Uber's main problem is that city governments are deeply connected with existing taxi structures - sometimes it's a matter of straight corruption, sometimes it's a matter of lobbying and existing relationships. But why can't Uber invest their money into convincing city governments into changing their regulations? Surely they have more cash to do so than individual taxi unions?
This is actually exactly what Uber does. The common Uber practice is for Uber to enter a city under circumstances that range from legal, to questionable, to clearly illegal. They will then rush in with lots of marketing and lobbying to sway both the general population and the local government and earn a foothold in the city. Once they have secured this they will push for local legislation if it is required.

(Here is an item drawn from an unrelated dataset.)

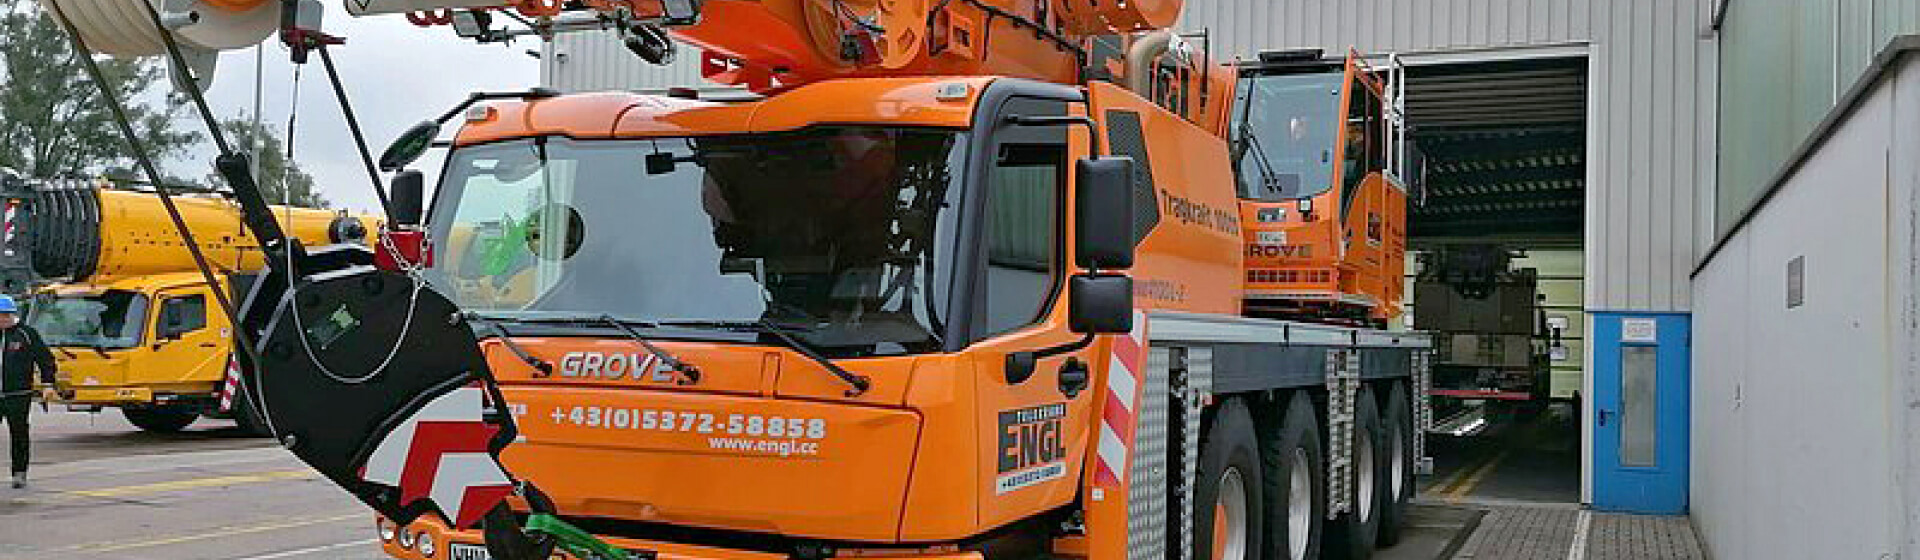 Engl-expands-crane-rental-fleet-with-new-Grove-GMK4100L-2-all-terrain-crane-1.jpg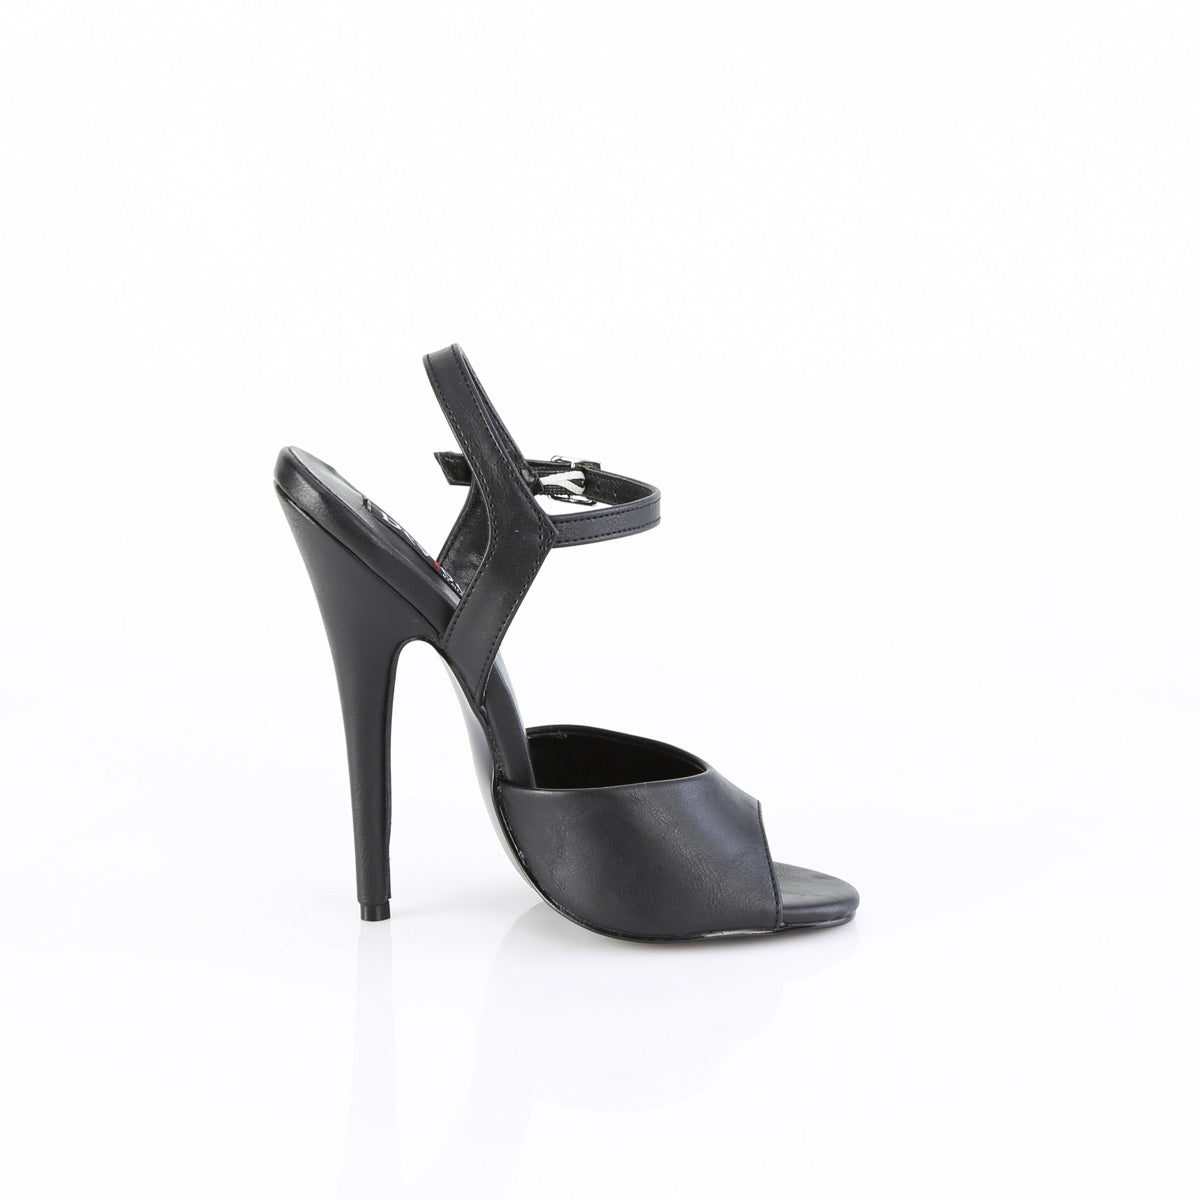 6" (152Mm) Stiletto Heel Ankle Strap Sandal Pleaser Devious DOMINA/109

In generally they are very successful in practice as they operate in over 570 cities and are a multi-billion dollar company.
For example in 2011 Uber received a cease and desist letter from its home town of San Francisco. However Uber remains legal to this day. This was in due to in large part its foothold in the populace, the work of its lobbyists and direct negotiations with the government.
Obviously though that doesn't always work. The most famous case of failure here would be Prop 1 in Austin, Texas. Both Uber and Lyft spent over $5 million trying to legalize their practice there. Ultimately though they were rejected by voters and left the city.
The question seems to assume that the only reason for business licensing and regulation by local governments is because of monopolistic cronyism.
Many of the licensing requirements for taxi companies is for the benefit of the local citizens (many require that they act certain ways in procuring business at airports, that they offer services to certain areas, that they offer services specifically for the disabled, etc). These requirements to do business in those regulated categories incur costs to the companies being regulated. The cities also generate revenue from the licensing (another cost to the companies).
So, the established businesses have incurred significant costs and met regulatory standards, often for decades, and that is often a reason why they are not in favor a competitor coming in who does not have to meet those same expensive requirements that they did/do in order to compete in that marketplace.
It's not that the companies lobby to lock Uber out (might not be against it, per se), though that might be the net effect. They lobby to demand that the same standards that are imposed upon them be imposed on the new competitor.
But why can't Uber invest their money into convincing city governments into changing their regulations? Surely they have more cash to do so than individual taxi unions?
Maybe. But do they have more voters? Not only do taxi drivers have an incentive to vote against Uber, but other unions may join them. And unions are also a source of volunteers for political campaigns. Union influence in government is larger than most statistics can measure. In many places, being the clear anti-union candidate is a clear loss.
And it's not clear that they have more money. Taxi medallions cost a million dollars in New York City as recently as 2014. There are more than thirteen thousand medallions there alone. That's roughly as much as Uber has raised nationally.
Another issue is that taxi operators are local. So all their money is spent locally. Uber has to spread its lobbying out over multiple countries much less multiple cities.
But why can't Uber invest their money into convincing city governments into changing their regulations?
Because fundamentally Uber is in competition with the local government. The existing taxi system is a valuable revenue source for the governments, for doing practically nothing.
Uber fundamentally replaces or bypasses the government and connect service providers to customers.
When you take the governments candy away, they aren't going to be happy.